Renasant isn't giving up on its birthplace in Germantown -- about 15 employees, headed by Don Russell, executive vice president, will stay in Germantown.

With its acquisition last year by The Peoples Holding Co., of Tupelo, since renamed Renasant Corp., the Germantown-Memphis bank also had DeSoto County offices to manage, so the move gives it a more central location. The bank has a branch in Cordova and is building one in Collierville.

Sovereign in top 500

Sovereign Wealth Management of Memphis didn't grow as fast last year as in 2003, but the company still ranked among Bloomberg Wealth Manager magazine's top 500 wealth managers.

Sovereign stood at No. 121, based on the average amount of money managed for each client -- about $2.1 million. Last year, the firm was No. 94.
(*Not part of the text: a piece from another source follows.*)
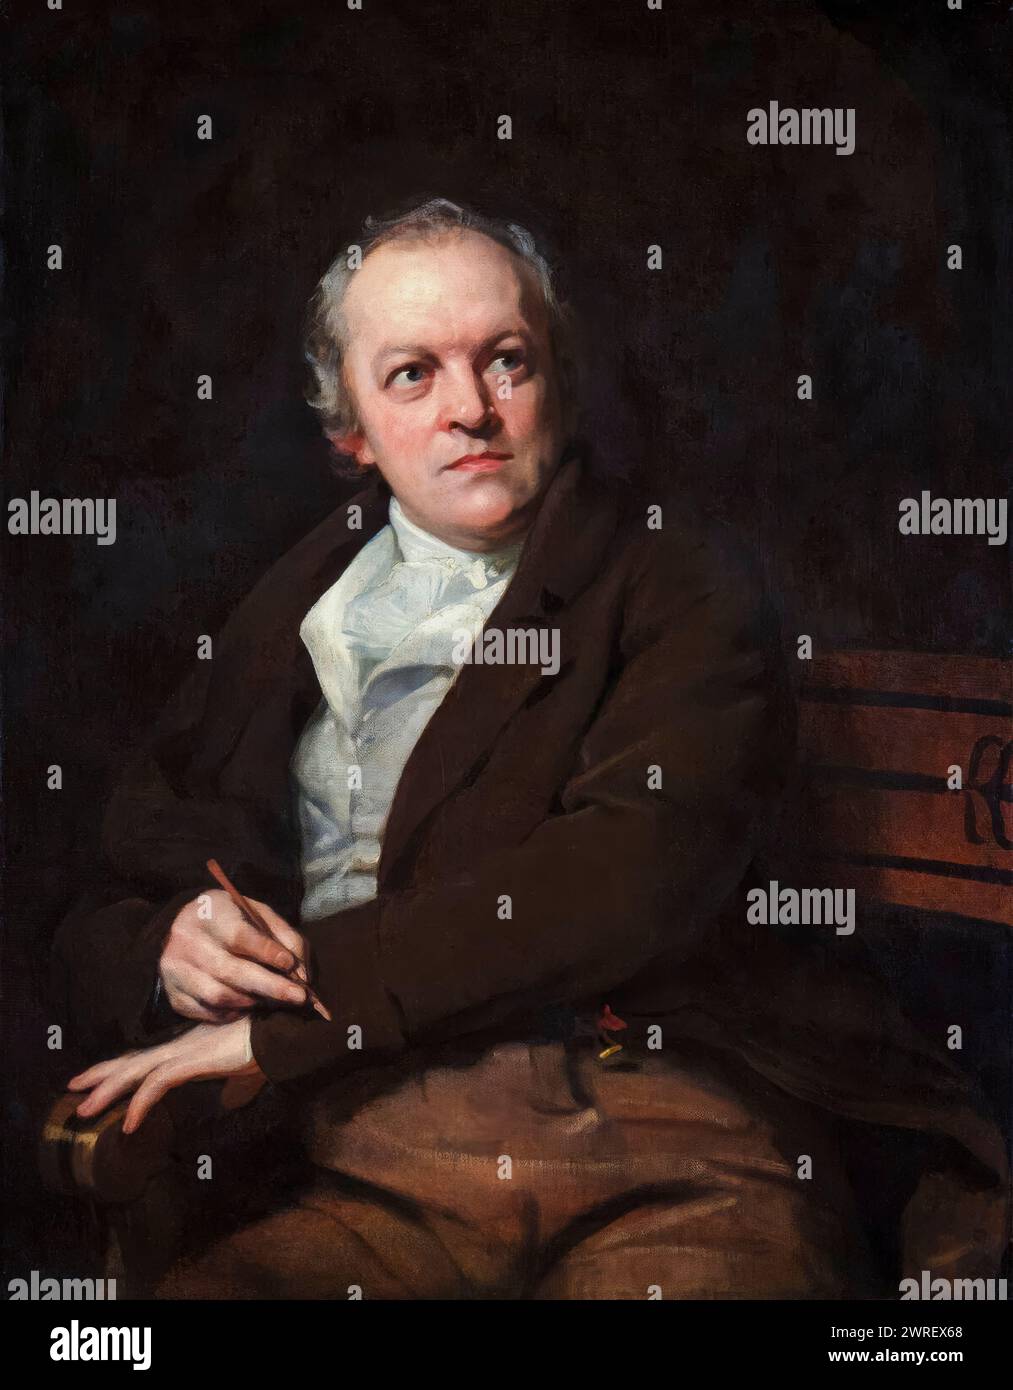 William Blake (1757–1827), englischer Dichter, Maler und Printmacher, Porträtgemälde in Öl auf Leinwand von Thomas Phillips, 1807 Stockfoto

With $180 million under management, a 20 percent increase from 2003, Sovereign's growth didn't match the 216.4 percent that made it the fastest growing wealth management firm in the nation in 2003.

Today's numbers

One-third of business users blame Microsoft for the recent worm outbreak.

Thirty-five percent of respondents to an informal Web survey of customers by security company Sophos said the software maker was at fault for the recent rash of worms spawned by variants of Zotob. The results, released on Thursday, show 45 percent place the blame squarely on the virus writers, while 20 percent laid blame on their systems administrators for not patching systems fast enough.